Лицо у него было красным, потным. Жабьи глаза сально блестели, рот скалился в гадкой улыбке, обнажая неровные зубы. Мельца вскинула голову, чтобы видеть своего врага. От резкого движения её накрыло тошнотой.
– Ну-ну, что ты волком на меня смотришь? – Он потянулся к Мельце и начал перебирать её мокрые спутавшиеся волосы. – На атамана, небось, не так глядела, да?
Глаза Граса злобно сощурились, превратившись в две мелких бусины. Он размахнулся и влепил Мельце пощёчину.
– А ну отвечай, тварь! Ложилась под него?
Он замахнулся ещё раз, и от нового удара Мельца клацнула зубами, больно прикусила щёку, затылком стукнулась о ствол. Её вновь замутило. Тошнота смешалась с болью. Грас схватил её за плечи и дёрнул вверх, едва не отрывая связанные руки.
– Говори!
Что-то тёмное нашло на Мельцу. Как будто кто-то ею управлял. С трудом разлепив кровоточащие губы, она чётко произнесла:
– Да. Ложилась.
Очередная пощёчина едва не лишила её сознания. Она старалась представить, что рядом атаман, вселяющий в неё силу и смелость. Он бы разделался с Грасом в два счёта. Но она опять осталась одна. Только кольцо на шнурке скользило по животу. Оно накалилось и было странно горячим.

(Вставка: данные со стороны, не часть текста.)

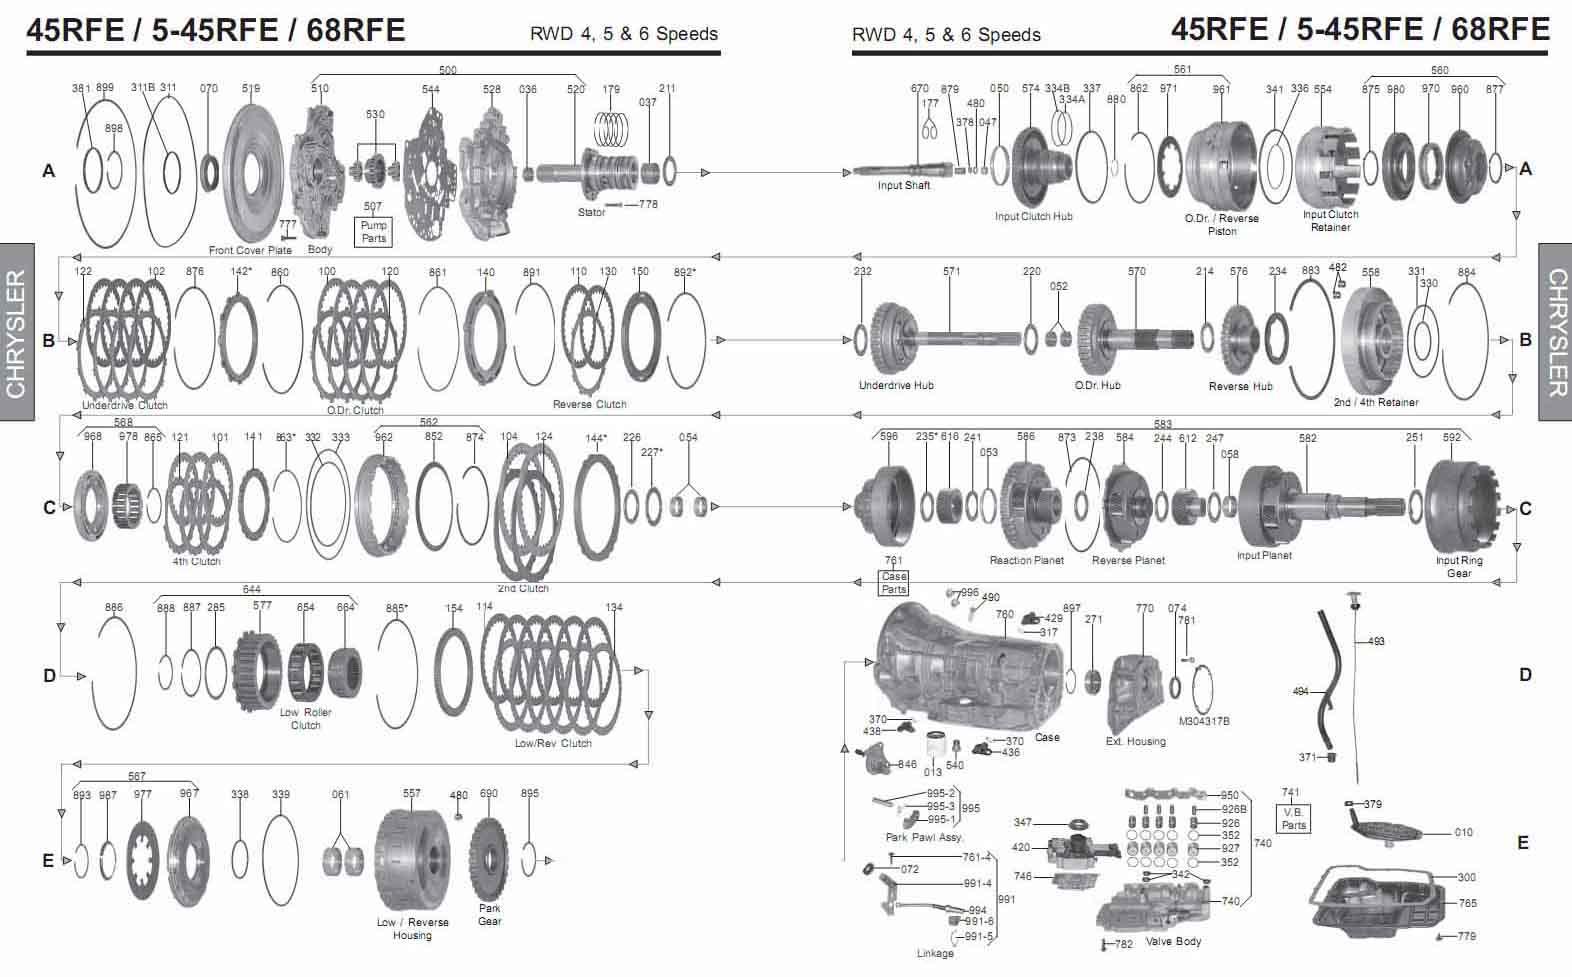 Transmission Repair Manuals 45rfe 545rfe
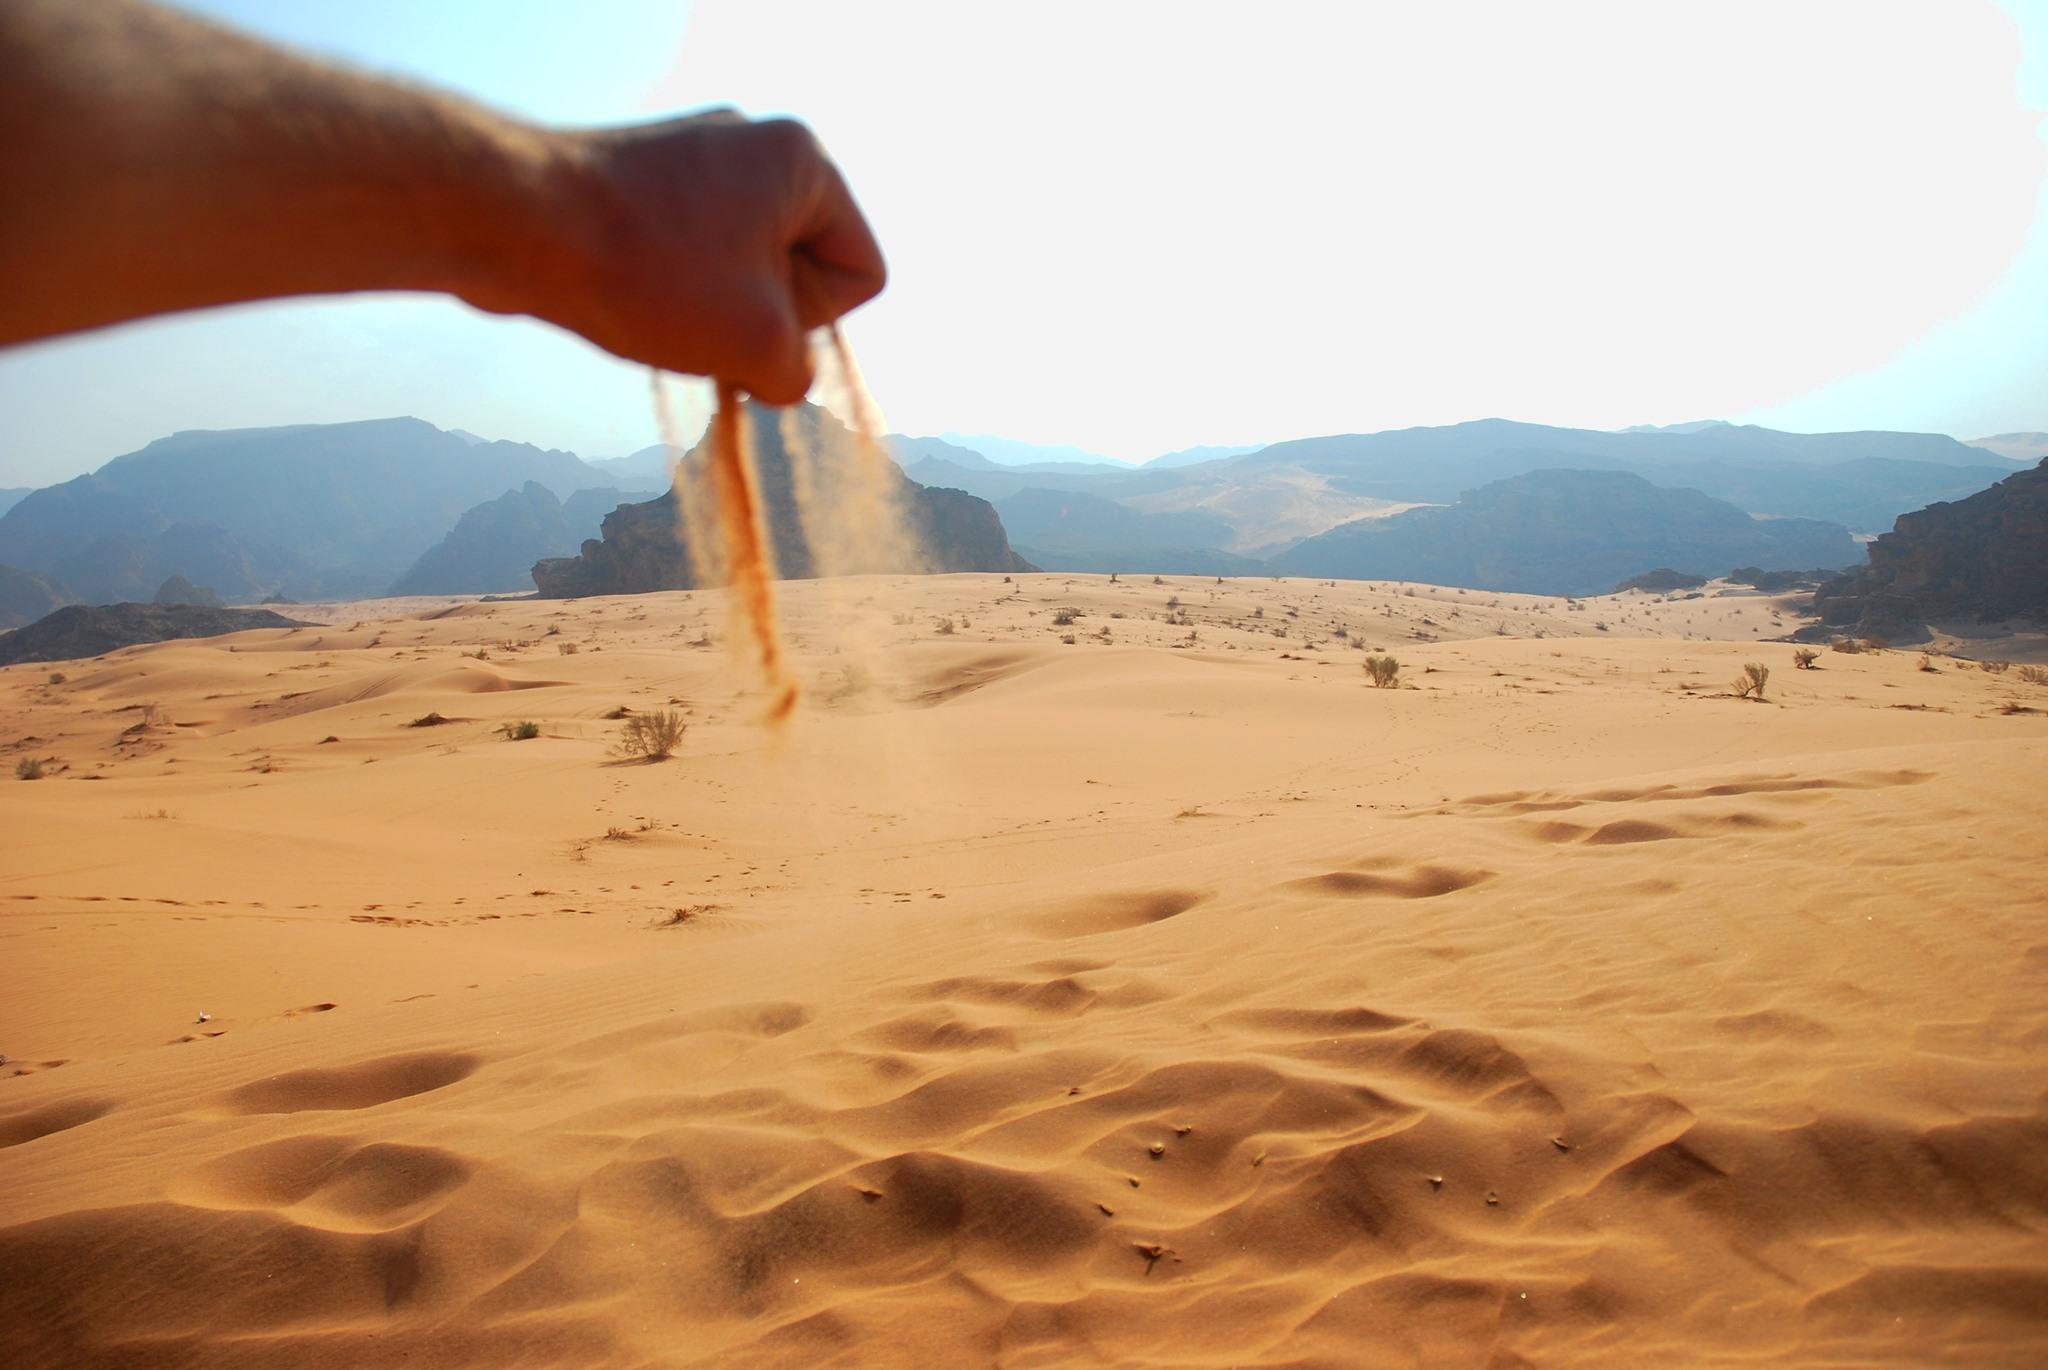 Ein einziger, großer Sandkasten: Wadi Arabah ist so anders beeidruckend als…

– Говори, тварь, говори! Чем вы с ним занимались?
Он вцепился в волосы, больно потянул. Жабье лицо оказалось слишком близко. Вонь из его рта вызвала новый рвотный позыв. Она должна выстоять! Должна! Чтобы потом всадить Немого Убийцу в его мерзкую рожу. Он хочет услышать, чем она занималась с атаманом? О, Мельца ему расскажет… У неё богатая фантазия. И она с удовольствием поделится ею с Грасом. Сведёт эту скотина с ума.
– А чем занимаются мужчина и женщина, а, Грас? Не знаешь? Откуда ж тебе знать… Ты только и способен, что силой принудить… – Она уже с трудом говорила. Язык еле ворочался во рту, губы распухли, щёки болели. – А атаман настоящий мужчина. Как он ласкает… Я криков сдержать не могла – так хорошо с ним было.
– Ах ты, дрянь!
Грас снова рванул её вверх, обдирая кожу рук о шершавый ствол. Тонкая ткань не защитила спину. Но эта боль была ничем по сравнению с тем, что ей ещё предстояло испытать – Мельца это знала. Главное – заставить его развязать руки.
– Я лучше! Ясно тебе?! Лучше! Со мной тебе хорошо будет! Закричишь ещё не так! На весь лес вопить будешь! Что-то я не слышал твоих криков, когда ты под ним барахталась!
Как рыба на берегу, Мельца открывала и закрывала рот, пытаясь сделать вдох. Внезапно Грас отпустил её и до боли сжал обеими ладонями грудь. Мельца сдержала крик. Превозмогая отвращение, она громко рассмеялась. Грас начал шарить руками по её животу, каким-то чудом не натыкаясь на кольцо.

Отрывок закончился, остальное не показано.